Es que el porteño no sólo es macho, europeísta, distinguido, maleducado con altura, impecable en sus vestimentas, bien maquilladas y peinadas ellas, a la última moda, de andar sexy y femenina hasta el tuétano, derecho y humano con sus íntimos, progresista, orgulloso de su clase-media consolidada y pequeño-burguesa con una instrucción académica que destila en cuanta oportunidad tiene, sea en bares, taxis, colas de banco, esperando a que le cobren en el supermercado, cruzando a las chapas semáforos en rojo, porque claro, siempre están apurados y llegan tarde al encuentro trascendental con la gloria que saben propia aunque nunca terminen de alcanzarla; a no confundirse, porque estos seres urbanos, cuasi humanos, semidioses en un Olimpo construido a su imagen y semejanza, que pecan porque les está autorizado por sus jerarcas, chamanes encargados de transmutar valores comunitarios en ilusiones cortoplacistas, conveniencias en tiempo y espacio que beneficien sus intereses íntimos –cuando no su peculio, incrementándolo, en lo posible- son esencialmente bien intencionados detrás de la máscara obligatoria que deben portar para conseguir interactuar con el resto de los mortales.

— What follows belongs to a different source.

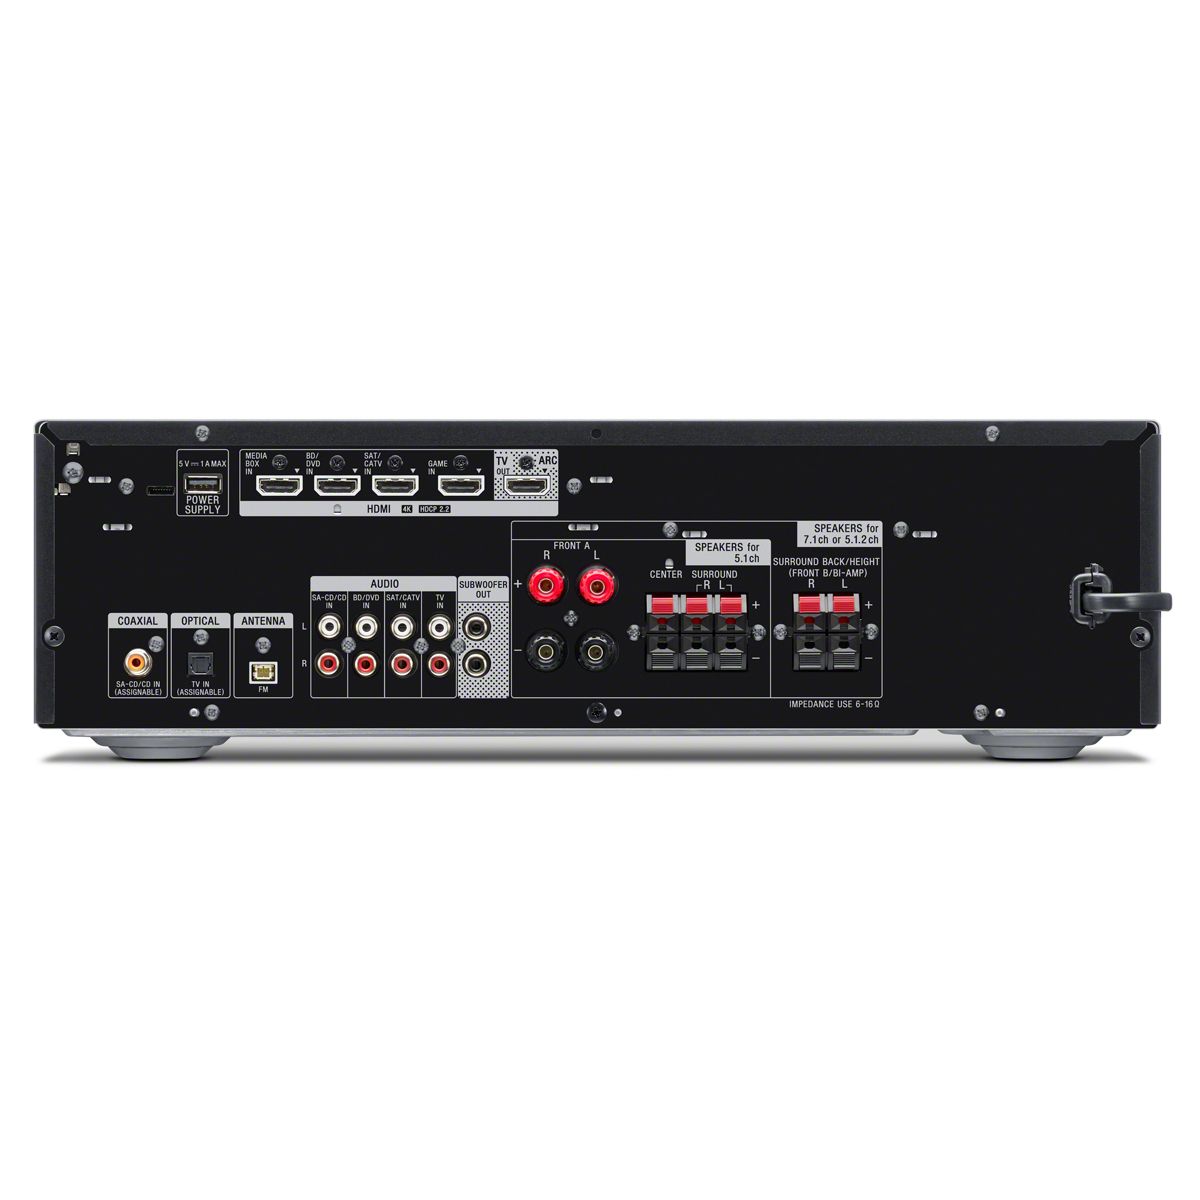 Sony STR-DH790 7.2 Channel Home Theater AV Receiver - Back view

Nunca evitarán asistir a un perdido caminante que requiera guía: cicerones de lo imprevisto, darán indicaciones exactas y precisas, aunque desconozcan por completo la dirección solicitada (un local jamás de los jamases puede decir “no sé”, vocablos prohibidos en su lengua madre, castellano cristalino, purísimo, carente de acentos contaminantes y matizado armoniosamente con lunfardo, un divertido argot mezcla de diversas influencias degradantes introducidas por oleadas migratorias del Viejo Continente, a fines del siglo XIX, perfeccionado por estas criaturas). Es que con justa razón, la de los vencedores -de batallas imaginarias en las que probablemente ni el contrincante sepa que participa contra él - este rara avis de la genética cosmopolita convierte en oro lo que roza, en especial a nivel cultural, sin necesidad de grandes esfuerzos o controvertidas maniobras del intelecto.

Desde la avenida con más kilómetros en el mundo mundial, pasando por la ‘calle que nunca duerme’ -cualquier similitud de metáforas con ranchos  del rango de New York, París o Londres, es envidia de su lado-, el ambiente bohemio que se respira en sus bares y cafés, la multifacética oferta en teatros, exposiciones literarias, congresos sobre todo y nada, muestras de arte superlativas, invasión de youtubers, y demás hierbas post-contemporáneas los entronan en la cima de toda aspiración habida y por haber, cúspide de lo sublime. Quizá esta condición etérea, ajena al mundanal suelo que pisan, los halla exentos de la superflua preocupación por equipar dignamente sus hospitales, refaccionar y calefaccionar escuelas (perfeccionar programas educacionales pasa a la esfera de lo estrambótico), mejorar infraestructura de transportes y cada una de esas molestias que forman parte de la órbita de lo público. Concepto vejado en la práctica de su uso, pero obsoleto y precario dejado a un lado en pos de esa joya de la corona que es lo privado. O acaso, ¿un buen habitante en ese Camelot sudaca, no se precia de enviar en lo posible a sus vástagos a un instituto pago, como de tener un servicio de médico donde la palabra sanatorio destierre la incómoda sombra de hacer largas filas de madrugada para conseguir turno con un especialista mal remunerado?   

Crème de la crème, deliciosas entidades supra-naturales dignas de una investigación minuciosa publicada en entregas por la National Geographic, nuestra más sentida admiración y loas. Onanista práctica que os potencia como Alma Mater del ideal samaritano urbano. Amén.